#### DATA TO PROCESS ####

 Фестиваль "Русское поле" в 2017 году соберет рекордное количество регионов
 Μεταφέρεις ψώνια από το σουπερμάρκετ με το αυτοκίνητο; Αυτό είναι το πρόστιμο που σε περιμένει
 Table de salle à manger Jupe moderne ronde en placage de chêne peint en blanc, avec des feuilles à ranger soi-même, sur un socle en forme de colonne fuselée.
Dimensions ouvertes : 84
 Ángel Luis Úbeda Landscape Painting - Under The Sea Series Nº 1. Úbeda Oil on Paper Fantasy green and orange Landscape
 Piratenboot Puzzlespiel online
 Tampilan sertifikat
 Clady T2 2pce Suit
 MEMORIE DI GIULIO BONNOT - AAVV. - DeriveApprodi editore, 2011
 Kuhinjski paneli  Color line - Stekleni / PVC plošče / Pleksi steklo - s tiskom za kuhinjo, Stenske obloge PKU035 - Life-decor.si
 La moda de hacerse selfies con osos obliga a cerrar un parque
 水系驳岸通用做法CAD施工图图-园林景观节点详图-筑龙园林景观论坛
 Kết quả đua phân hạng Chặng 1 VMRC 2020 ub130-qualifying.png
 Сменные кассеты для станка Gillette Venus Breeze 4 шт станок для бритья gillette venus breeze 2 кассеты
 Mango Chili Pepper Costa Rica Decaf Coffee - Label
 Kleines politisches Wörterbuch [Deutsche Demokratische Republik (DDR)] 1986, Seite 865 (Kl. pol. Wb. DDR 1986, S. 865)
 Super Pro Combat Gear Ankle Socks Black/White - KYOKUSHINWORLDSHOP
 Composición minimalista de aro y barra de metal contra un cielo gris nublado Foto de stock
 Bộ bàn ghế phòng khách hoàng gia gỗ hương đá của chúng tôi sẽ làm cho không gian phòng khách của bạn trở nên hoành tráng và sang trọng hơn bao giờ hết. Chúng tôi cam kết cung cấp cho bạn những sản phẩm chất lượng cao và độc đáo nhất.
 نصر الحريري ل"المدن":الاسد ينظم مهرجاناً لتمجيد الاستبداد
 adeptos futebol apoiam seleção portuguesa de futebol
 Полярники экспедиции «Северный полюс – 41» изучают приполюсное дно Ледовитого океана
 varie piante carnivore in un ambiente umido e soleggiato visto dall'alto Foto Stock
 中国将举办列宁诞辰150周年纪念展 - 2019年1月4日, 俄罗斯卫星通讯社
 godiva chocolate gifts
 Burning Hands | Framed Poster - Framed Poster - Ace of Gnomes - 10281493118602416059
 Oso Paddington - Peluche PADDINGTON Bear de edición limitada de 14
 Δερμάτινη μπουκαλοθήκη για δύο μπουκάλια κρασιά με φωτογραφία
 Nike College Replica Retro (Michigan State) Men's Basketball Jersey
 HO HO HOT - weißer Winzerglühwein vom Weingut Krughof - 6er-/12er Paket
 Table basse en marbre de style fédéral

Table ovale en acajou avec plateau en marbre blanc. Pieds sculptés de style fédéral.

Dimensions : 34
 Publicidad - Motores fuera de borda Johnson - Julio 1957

####

• _WORK TO COMPLETE_
Beginning with the line that contains "adeptos futebol apoiam", quote each line exactly through the last line of the entries above, and nothing beyond them.

• _RESPONSE BELOW_
 adeptos futebol apoiam seleção portuguesa de futebol
 Полярники экспедиции «Северный полюс – 41» изучают приполюсное дно Ледовитого океана
 varie piante carnivore in un ambiente umido e soleggiato visto dall'alto Foto Stock
 中国将举办列宁诞辰150周年纪念展 - 2019年1月4日, 俄罗斯卫星通讯社
 godiva chocolate gifts
 Burning Hands | Framed Poster - Framed Poster - Ace of Gnomes - 10281493118602416059
 Oso Paddington - Peluche PADDINGTON Bear de edición limitada de 14
 Δερμάτινη μπουκαλοθήκη για δύο μπουκάλια κρασιά με φωτογραφία
 Nike College Replica Retro (Michigan State) Men's Basketball Jersey
 HO HO HOT - weißer Winzerglühwein vom Weingut Krughof - 6er-/12er Paket
 Table basse en marbre de style fédéral

Table ovale en acajou avec plateau en marbre blanc. Pieds sculptés de style fédéral.

Dimensions : 34
 Publicidad - Motores fuera de borda Johnson - Julio 1957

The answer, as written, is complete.